How Much Is a Nissan Skyline GT-R Worth in 2026?

R32 GT-R (BNR32)

USD $40,000–$70,000+

Legal in USA since 2014

Clean, low-mileage examples. V-Spec cars command premiums. Check sill rust and oil pressure on cold start.

R33 GT-R (BCNR33)

USD $35,000–$60,000+

Legal in USA since 2020

Most mechanically robust BNR-series. LM Edition and V-Spec commanding significant premiums. Verify ATTESA engages correctly.

R34 GT-R (BNR34)

USD $150,000–$500,000+

1999 models legal now; 2002 models eligible 2027

Provenance documentation is paramount. Request full service history, prefer Japanese domestic market cars with verifiable mileage. Budget for specialist pre-purchase inspection.

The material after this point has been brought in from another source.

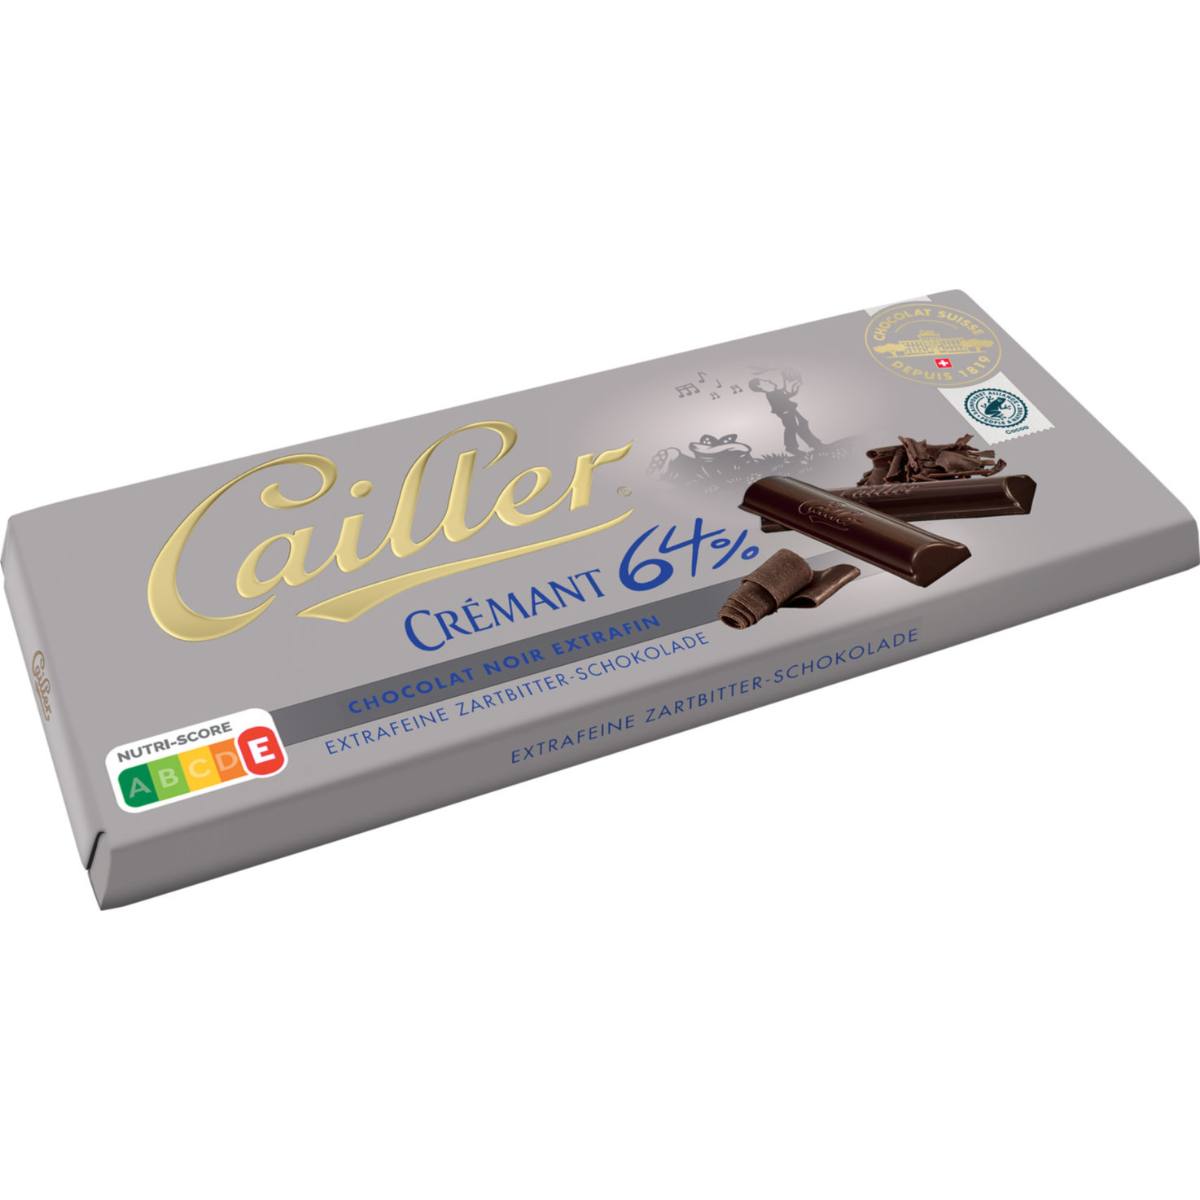 cailler cremant 64% schokolade v1
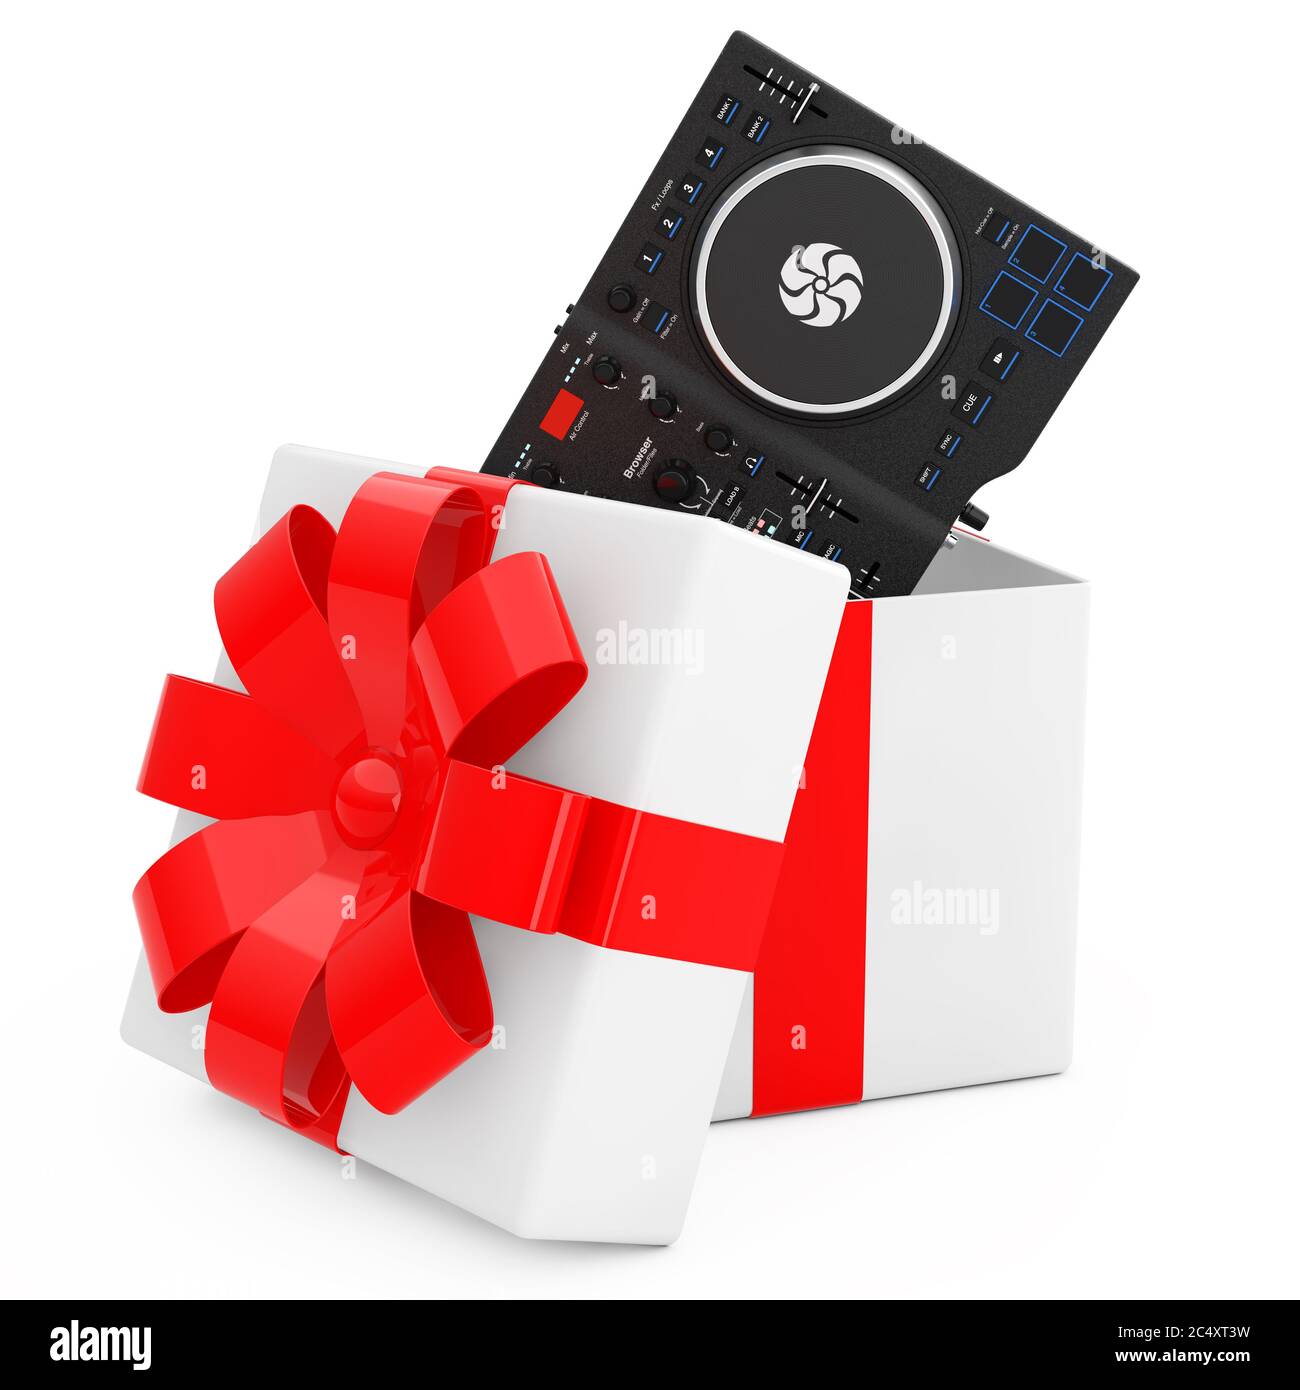 Ensemble de DJ moderne noir mélangeur plateau sortir de la boîte cadeau avec ruban rouge sur fond blanc. Rendu 3d Banque D'Images

Frequently Asked Questions

What does GT-R stand for?

GT-R stands for Gran Turismo Racer. Nissan has used the designation since the original 1969 Hakosuka. The "GT" component aligns with the broader Grand Touring convention used across European performance cars; the "R" signals the racing specification that separates GT-R variants from standard GT Skylines.

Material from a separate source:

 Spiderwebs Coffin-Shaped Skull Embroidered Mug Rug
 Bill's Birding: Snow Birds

How many Nissan Skyline GT-R R34s were made?

Approximately 11,500 units across all variants, produced from January 1999 to June 2002. This includes base-spec BNR34 cars, V-Spec, V-Spec II, V-Spec II Nür, and N1 racing variants. The V-Spec II Nür — the final commemorative run — numbered 718 units. The R34 GT-R is the rarest of the three BNR-series GT-Rs by a substantial margin.

Why is the R34 so expensive?

Three converging factors: genuine rarity (11,500 total units), a long period of enforced inaccessibility in the US market that built extraordinary demand, and the car's genuine technical and cultural status as the definitive expression of the BNR-series GT-R. Add its cinematic moment in The Fast and the Furious, the emotional investment of a generation of enthusiasts who couldn't legally own one for two decades, and now the opening of the US market — prices have only one direction to go.

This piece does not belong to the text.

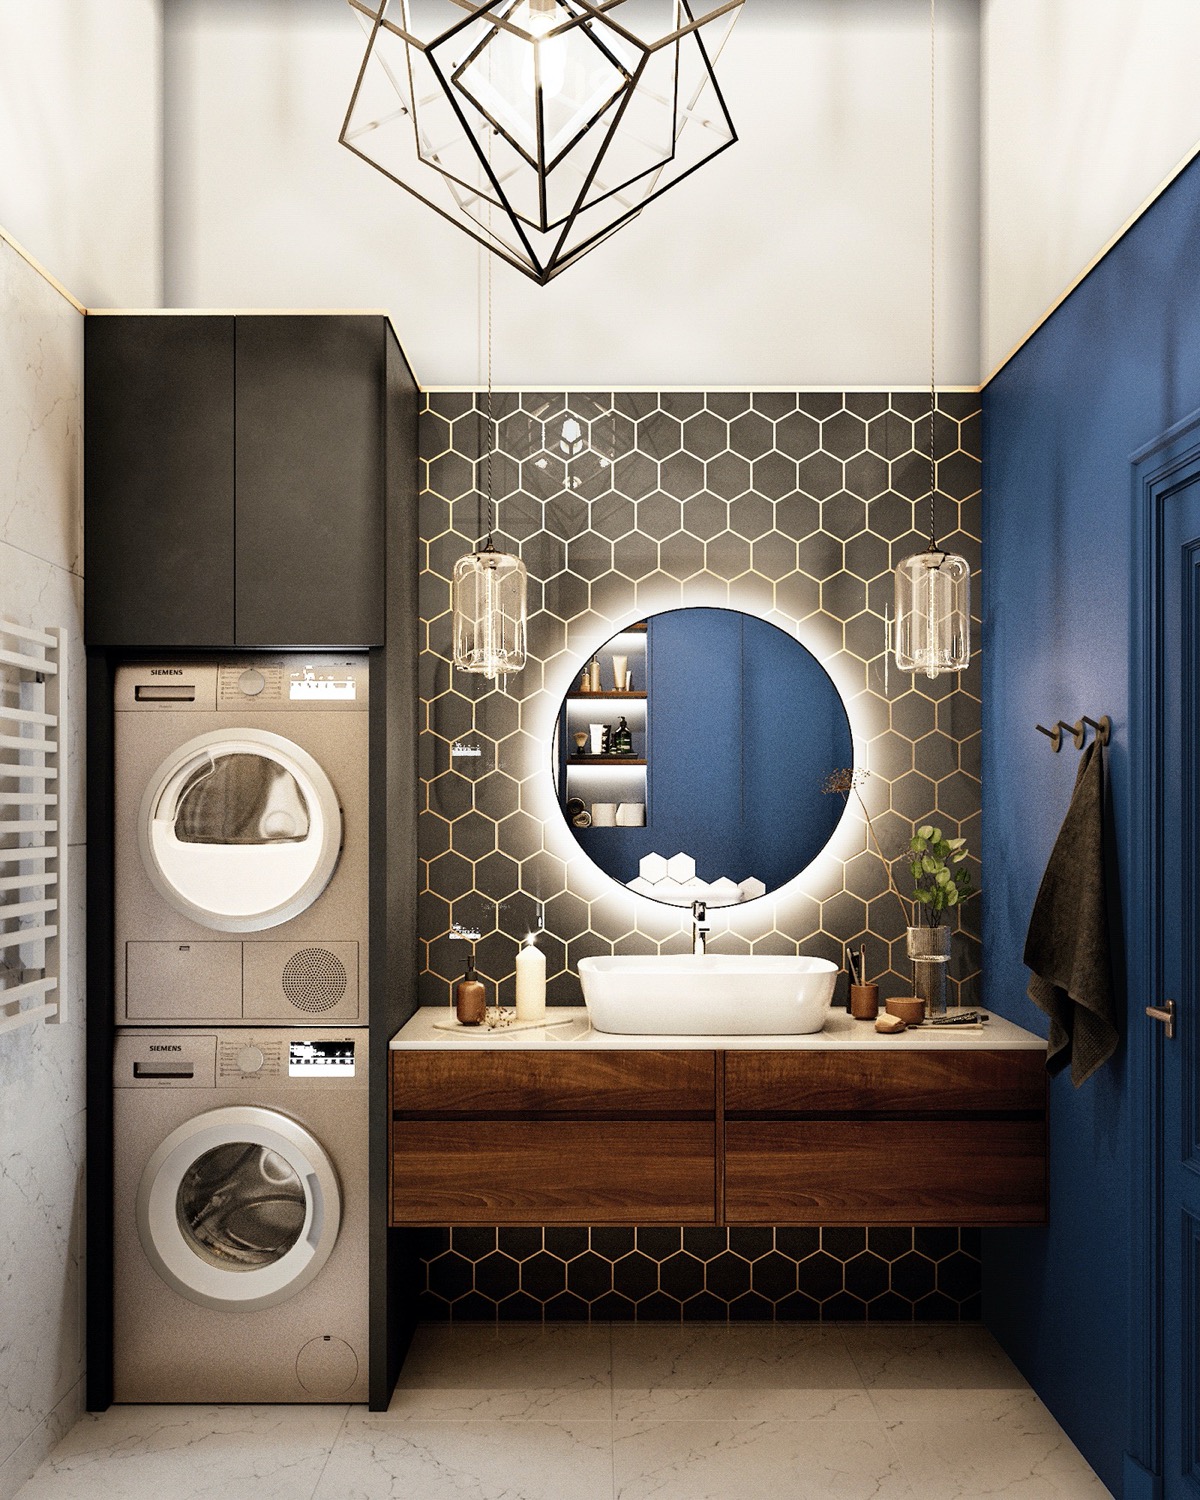 Phòng tắm thời thượng với gam màu xanh coban kết hợp với bức tường trên bồn rửa ốp gạch lục giác màu đen viền vàng, kết hợp với ánh đèn và chiếc gương tròn ở vị trí trung tâm làm tăng sự lung linh và đẹp mắt.
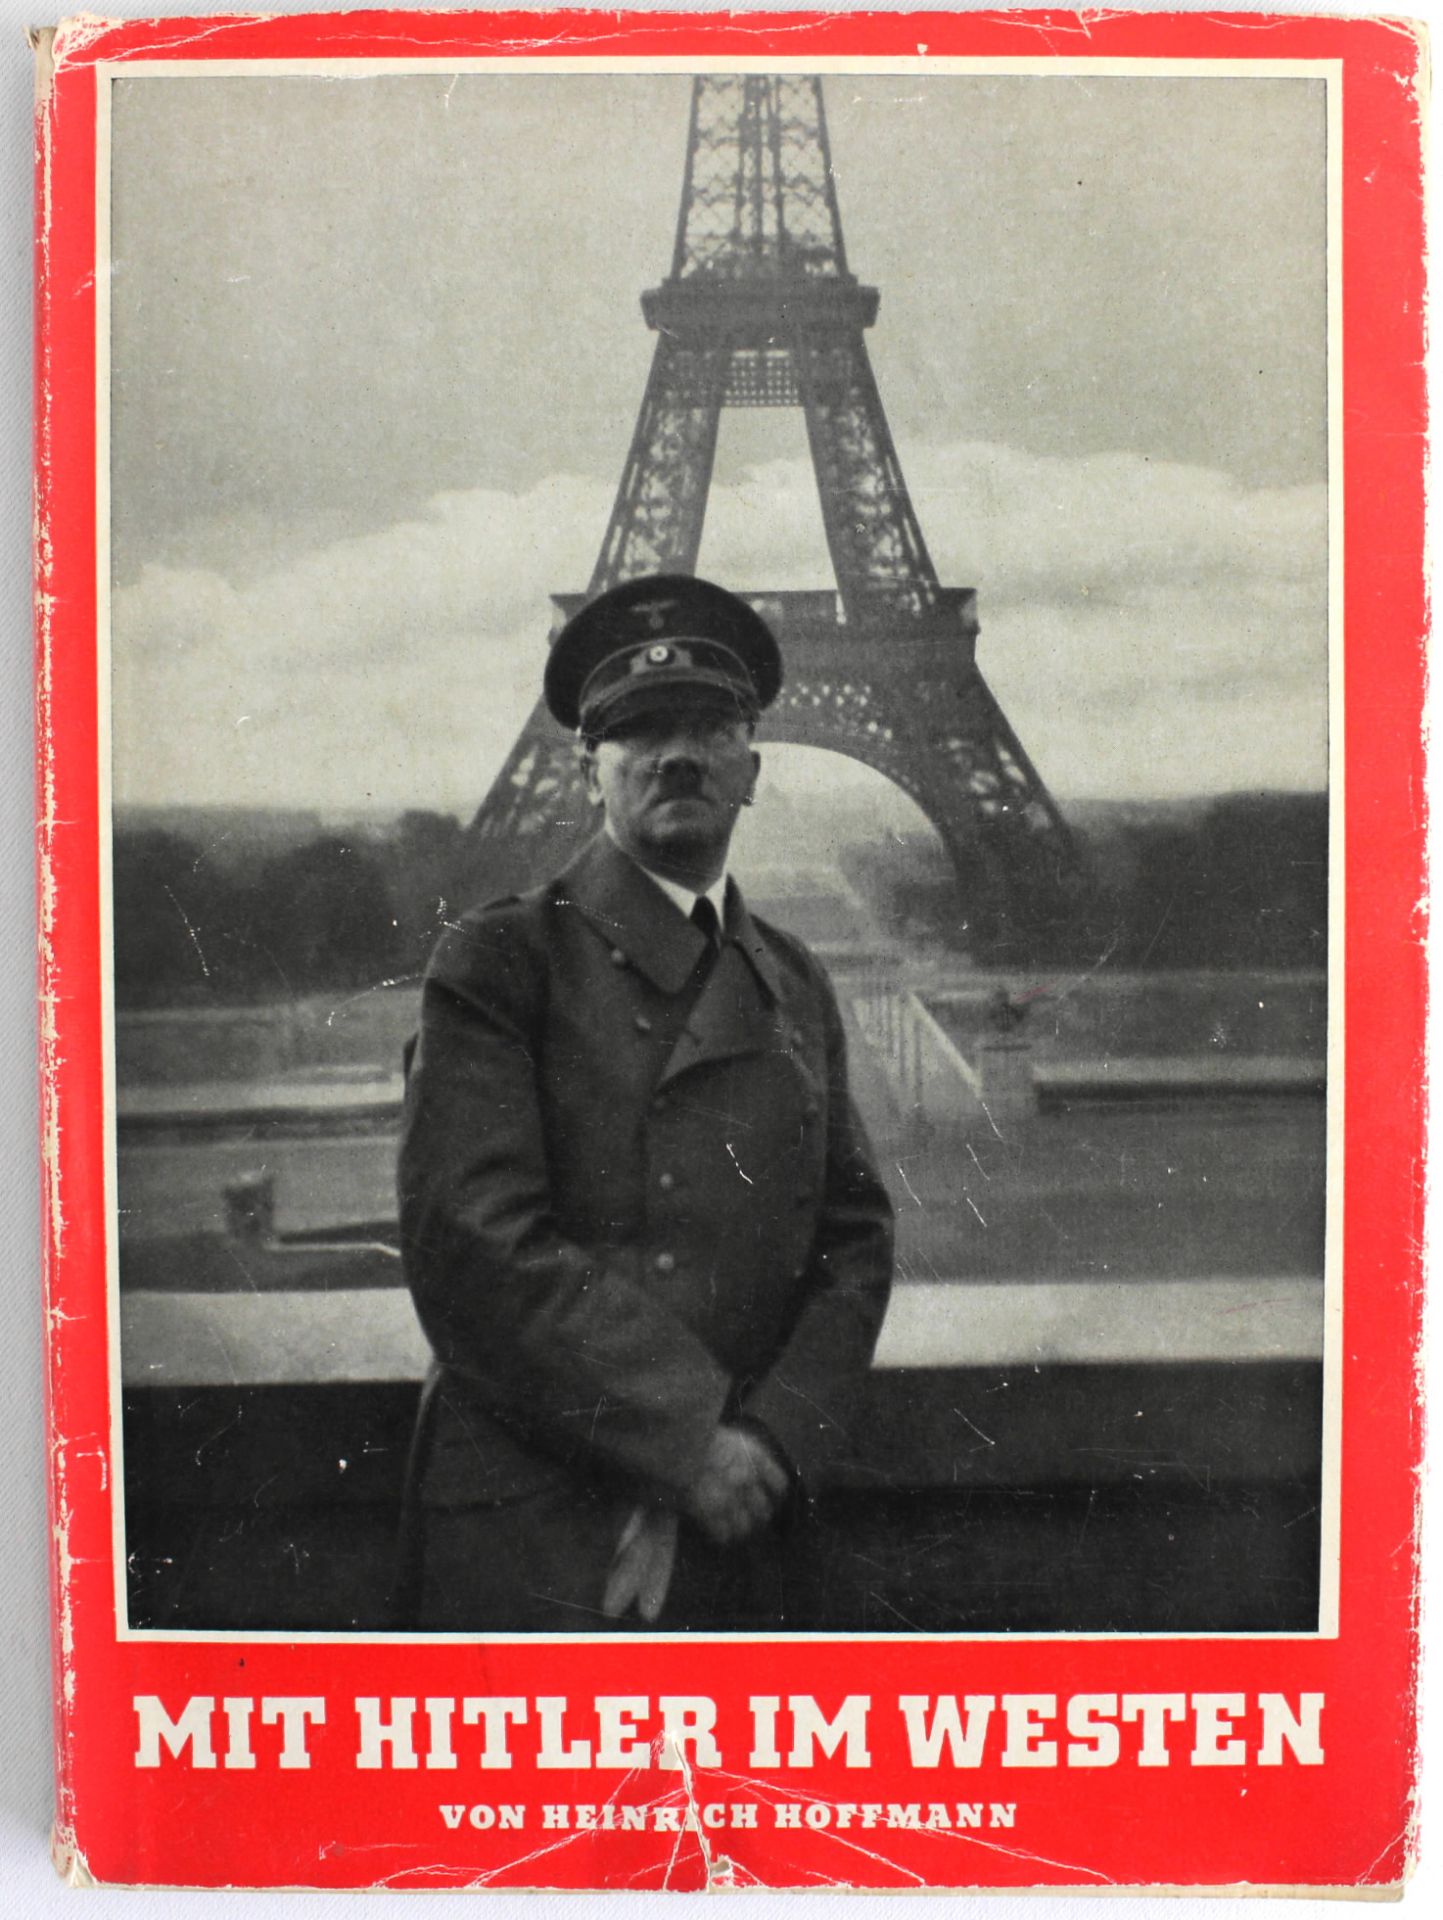 Bildband "Mit Hitler im Westen", Heinrich Hoffmann, mit Widmung, Zeitgeschichte-Verlag 1940

What is the difference between R32, R33, and R34?

All three share the RB26DETT engine and ATTESA AWD architecture, but each generation advanced the formula significantly. The R32 (1989–1994) was the original relaunch — lighter, more focused, responsible for the Godzilla legend. The R33 (1995–1998) grew heavier but added ATTESA E-TS Pro, improved reliability, and set a landmark Nürburgring time of 7:59. The R34 (1999–2002) returned to R32 wheelbase dimensions, added a Getrag 6-speed gearbox, revised aerodynamics, and the MFD display — widely considered the definitive version. Production numbers: ~44,000 for the R32, ~16,500 for the R33, ~11,500 for the R34.

Is the R35 a Skyline?

No. Nissan deliberately removed the Skyline designation when launching the R35 in 2007. It is sold globally as the Nissan GT-R, not the Nissan Skyline GT-R. In Japan, Nissan continued selling a separate model called the Skyline (based on the Infiniti G/Q platform), but this car bears no mechanical relationship to the GT-R lineage. The R35 shares the GT-R name and performance philosophy, but it is a distinct product without the 60-year Skyline heritage behind it.

Can you legally import a Skyline GT-R to the USA?

Yes, under the 25-year exemption rule (49 USC § 30112). R32 GT-Rs (produced 1989–1994) have been fully eligible since 2014. R33 GT-Rs (produced 1995–1998) have been eligible since 2020. R34 GT-Rs (produced 1999–2002) are becoming eligible on a rolling basis from 2024 through 2027 — the earliest 1999 models are importable now. Import requires compliance with EPA emissions and DOT safety regulations, both addressed via the 25-year exemption. Use a licensed importer familiar with Nissan compliance documentation.